The New Criticism and the expanding mid-century university system that made it possible shaped the establishment of racial liberalism in the U.S. via an untenable alliance between Southern reactionaries and industrial capitalists against labor and a racialized underclass. This alliance made it difficult for certain types of literatures to be studied within the academy with respect to their social and political valences and actively excluded teachers and writers for whom those dynamics were their primary interests. This consensus has long made it appear as if there was a vacuum of any other type of critical activity, particularly by those excluded from the university: those on the political left, Black people, and women. The intense focus on the university for the development of literary study means that the present understanding of critical practice is severely limited.
In the mid 1940s, just before the Zook Commission advised the formalization of a community college system, the Communist Party U.S.A. helped to establish a robust network of adult education in New York and about a dozen other U.S cities. Distinct from mainline forms of higher education, these institutions were devoted to economic, social, and political democracy for the people, a popular front euphemism for the ideals of midcentury Communists, many of whom were on academic blacklists. In turn, these schools provided politically-directed courses on Marxism, cultural subjects of various kinds, social science, the history of capitalism and imperialism, the principles of community organizing, as well as on scientific matters.
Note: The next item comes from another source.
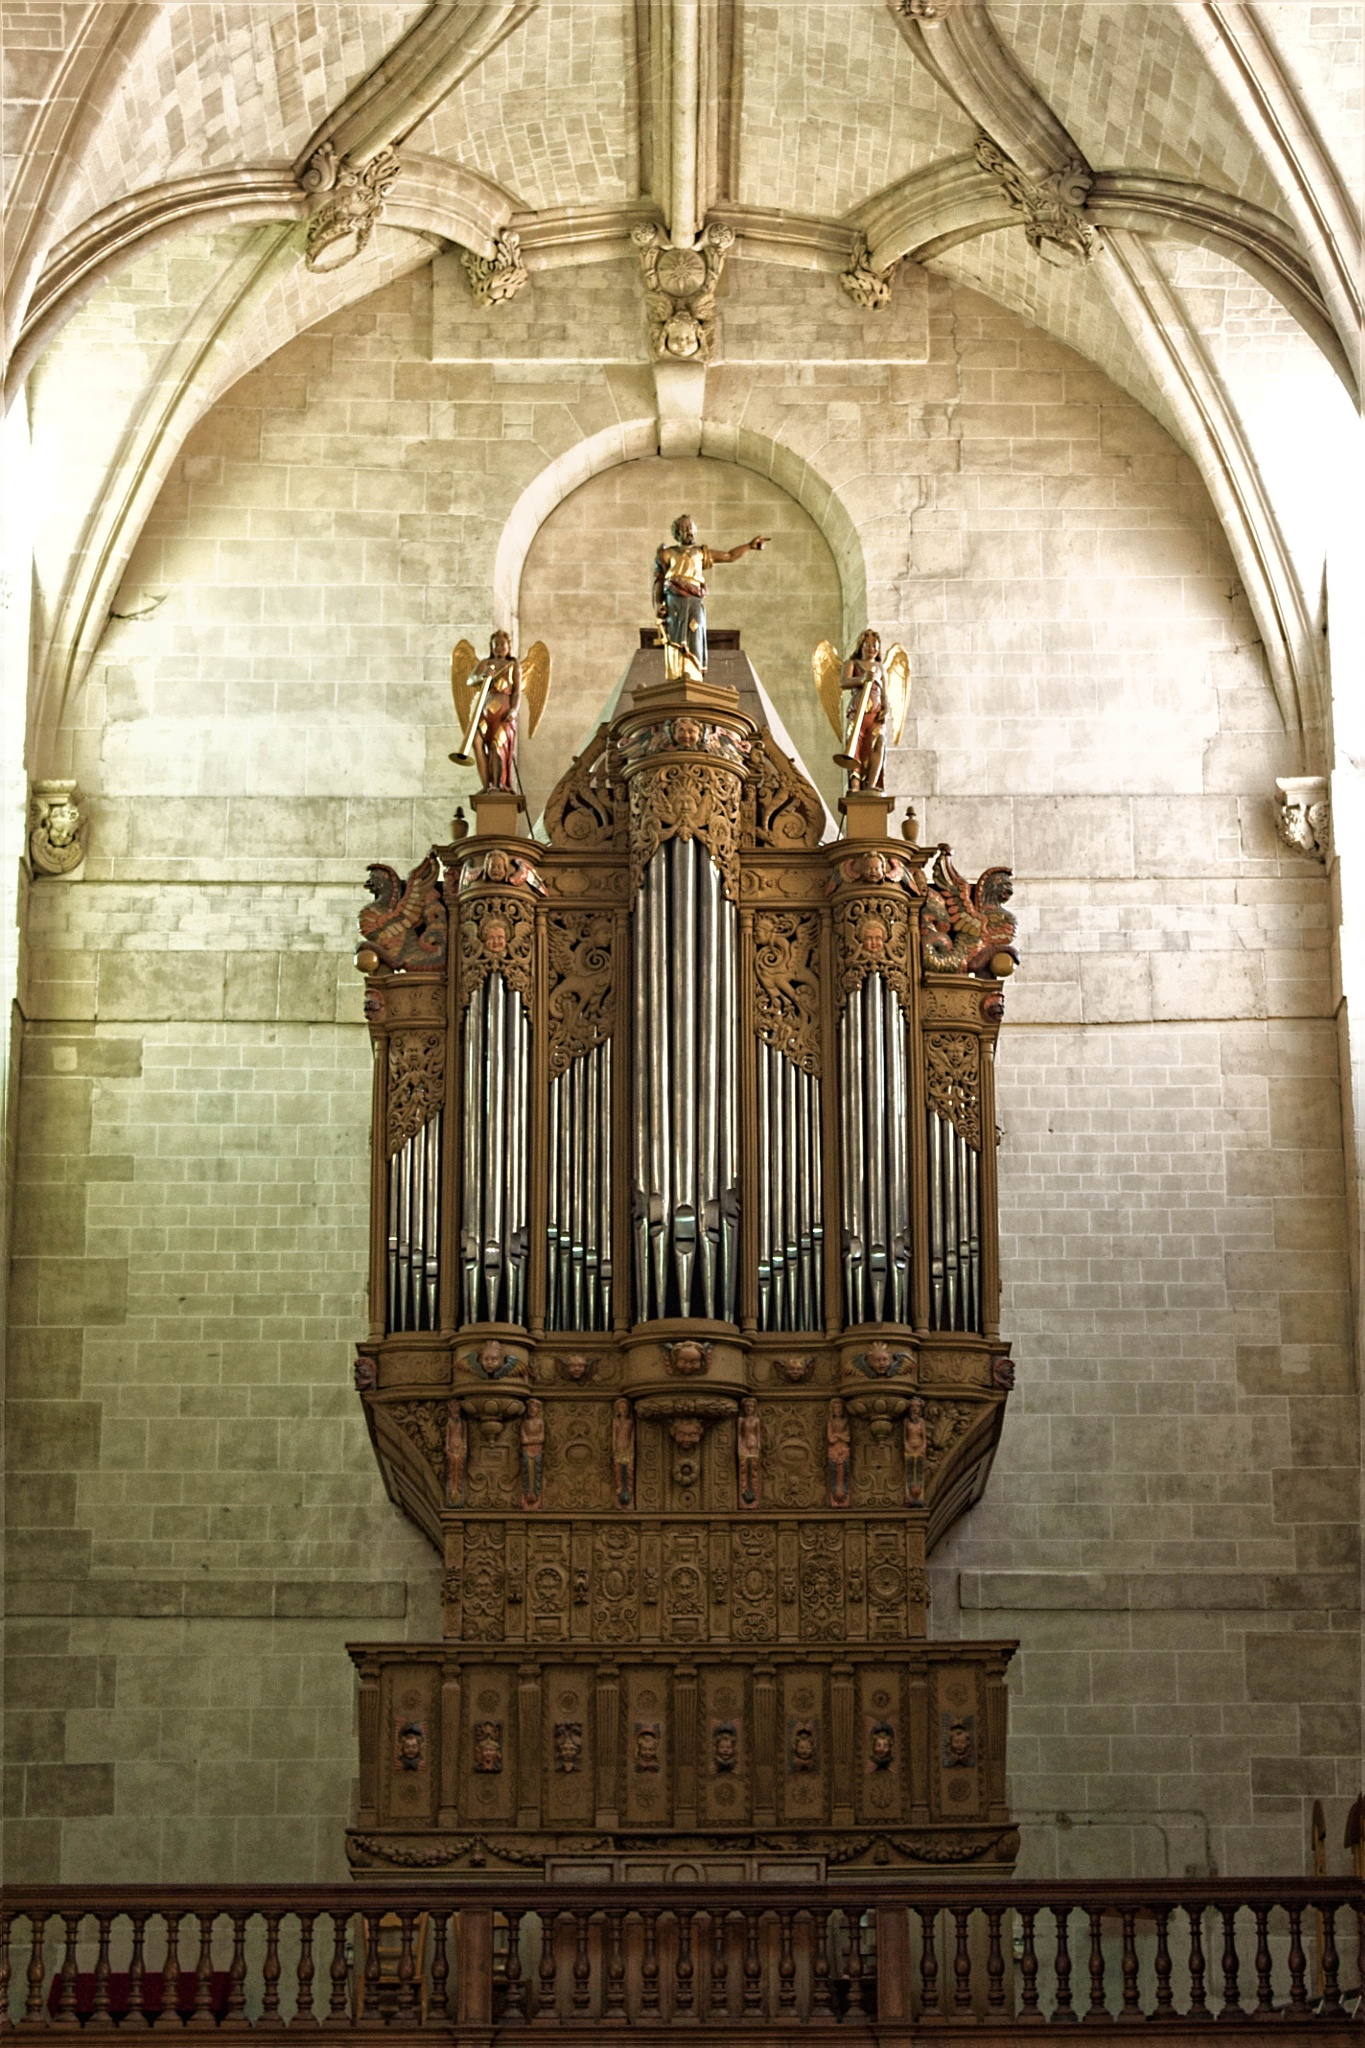 Orgue de l'eglise de Dreux by hubert61

The Jefferson School of Social Science in New York—the largest in the system with 120,000 enrollments from 1944-1957—arose from a merger of two similar institutions: the Workers School and the School for Democracy. Using capital from Frederick Vanderbilt Field, a shell-organization, which was headed by Alexander Trachtenberg (the founder of International Publishers), purchased a multi-story furniture warehouse at 575 6th Ave in Manhattan for the Jefferson’s School’s use. This main building in Manhattan was outfitted with classrooms, a library, a bookstore, and a café and was soon filled with faculty purged from New York universities and students that were predominantly women, working people, and people of color.
Claudia Jones, Paul Robeson, and Lorraine Hansberry would appear at the Jefferson School and its affiliated institutions to teach, give lectures, and sometimes to fundraise. Other prominent figures on the Black left found a home teaching and learning there including Gwendolyn Bennett, Lloyd Brown, Elizabeth Catlett, Oliver Cox, and John Killens among others. W.E.B. Du Bois also taught several courses at the Jefferson School, one that included Hansberry and Childress as students. Du Bois saw great potential in the labor school idea. In a 1956 lecture it was reported by an FBI observer that he suggested that the Jeff School and the California Labor School in San Francisco “were the only two schools who tried to teach the people about the Negro position in their relation to the nation and the world.”
Du Bois’s argument encapsulates my interest in the Jefferson School and two closely affiliated institutions in Harlem, the George Washington Carver School, which operated from 1943 to 1947, and the Frederick Douglass Education Center, which opened in 1952. What interests me about these institutions is their teaching of Black literature and culture and of racial capitalism and imperialism. The cultural faculty—including Doxey A. Wilkerson, the director of curriculum who had left Howard University to join the Communist Party in 1943—identified the mid-century establishment of New Criticism within the mainstream academy as an inevitably revanchist movement. A collective statement from the school’s cultural faculty states that Ezra Pound, T.S. Eliot, Allen Tate, John Crowe Ransom, and Robert Penn Warren are among the “reactionary forces” that have taken “control” of the arts. Despite widely being viewed in light of a populist reform, the work of these reactionaries is “saturated with racialisms, apologetics for slavery, deliberate distortions of American history, explanations of the most bestial violence as being ‘human nature.’”1“Draft Statement on the Position of the Jefferson School on Instruction in the Arts: Prepared as a Basis for Faculty Discussion.” Doxey A. Wilkerson Papers, Schomburg Center for Research in Black Culture, New York Public Library, 1.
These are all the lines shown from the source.